As the duo walks through the first Second Class car, Isaac feebly admits that the dim lighting makes him nervous. However, when Miria agrees that it is cold and it is scary, Isaac immediately boasts that he is neither cold nor scared so all Miria has to do is carefreely follow him. Finding the corridor to be unusually silent, they wonder if the Rail Tracer dealt with the White Suits they had expected to find in Second Class. At the sound of distant machine-gun fire from a freight hold, they continue on to Third Class.

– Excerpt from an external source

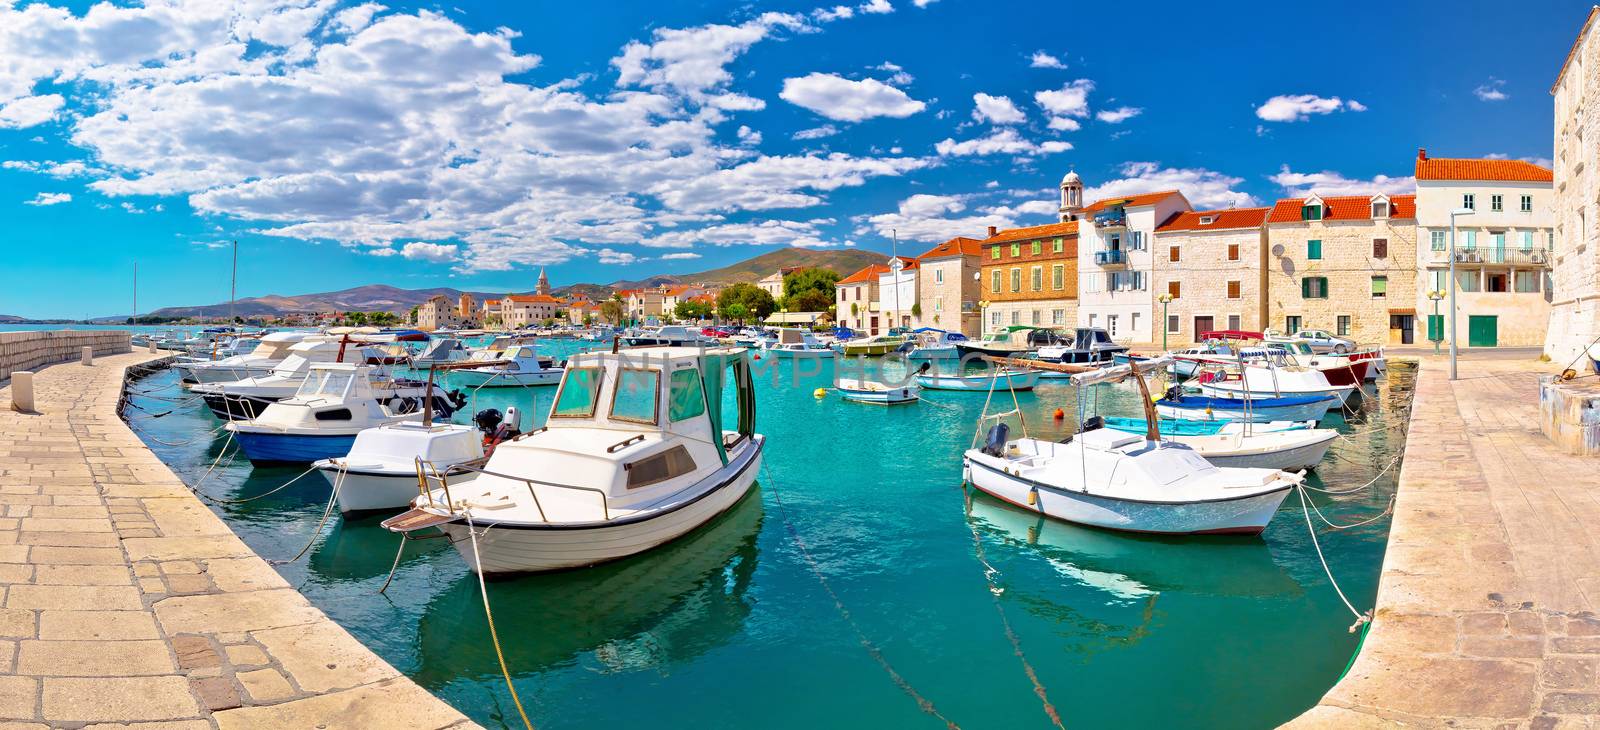 Kastel Novi turquoise harbor and historic architecture panoramic by xbrchx
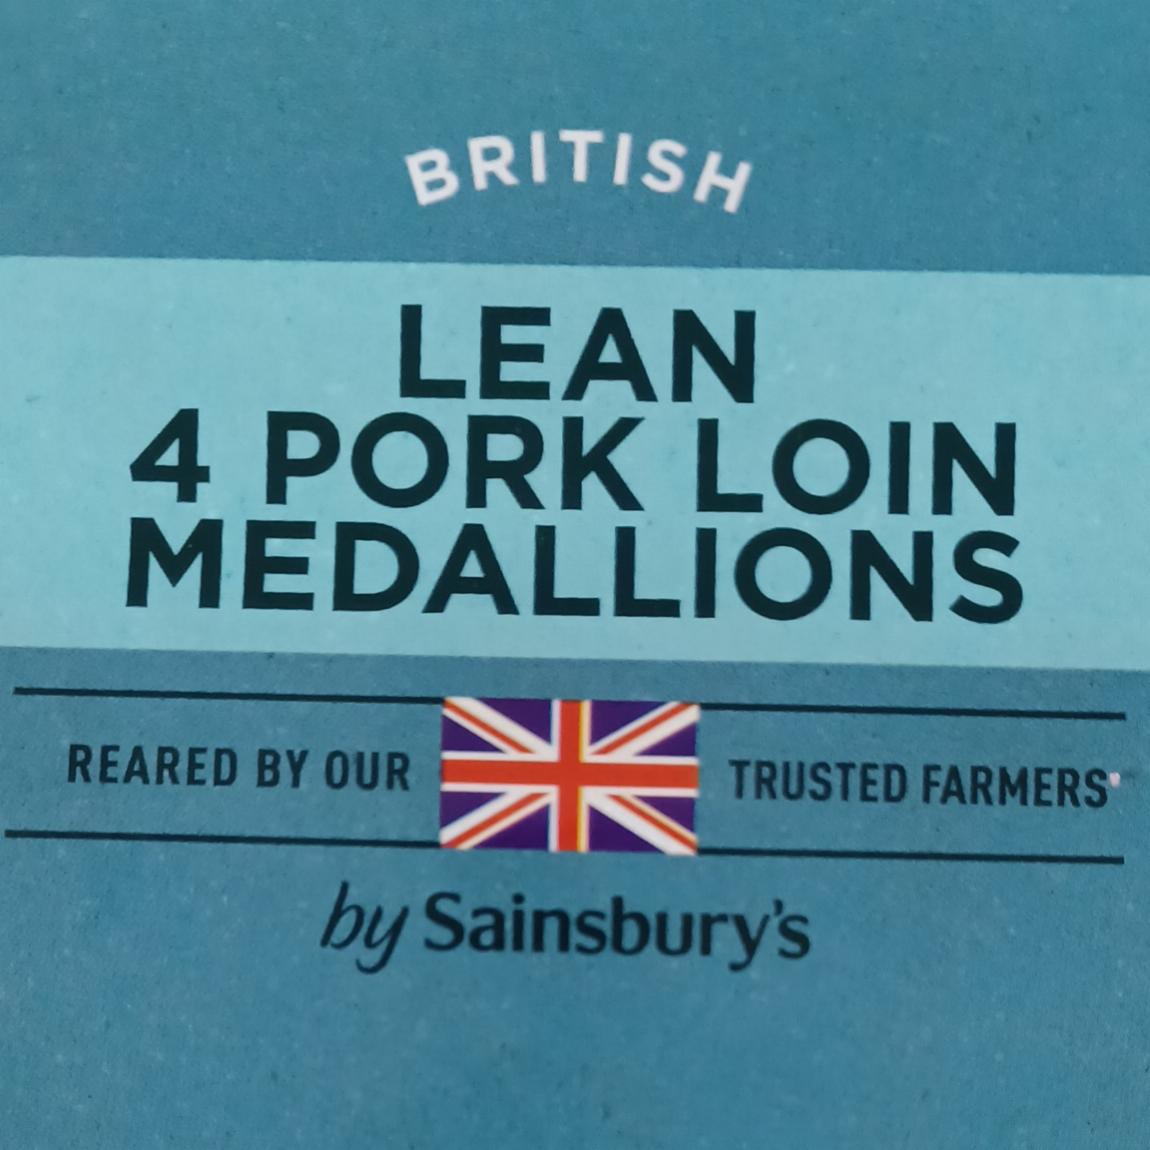 Fotografie - Lean 4 pork loin medallions by Sainsbury's

When Isaac opens the door to the sole Third Class car, he encounters a giant of a man standing in the corridor with a smaller bloodied man slung over his shoulder. Isaac excuses himself and slowly shuts the door, proceeding to panic that perhaps the giant is the Rail Tracer; at the same time, the large man mutters, "A r-red dress. That woman...Rail Tracer?"
Once all parties ascertain none of them are the Rail Tracer, Isaac and Miria open the door to apologize, since the giant—who is protecting his hurt friend—is clearly a good man after all. When the duo introduces themselves and their quest to rescue their friends before the Rail Tracer eats them, the giant—Donny—in turn, deems them 'good'. Isaac's face darkens. He protests he and Miria are not good people, but they are at least striving to become good people in the interim. Miria elaborates that they are currently trying to do good things, and even if nobody acknowledges them for it they will continue until they make up for all the bad they have caused. The two groups eventually say their goodbyes, with Donny warning Isaac and Miria to avoid the White Suits.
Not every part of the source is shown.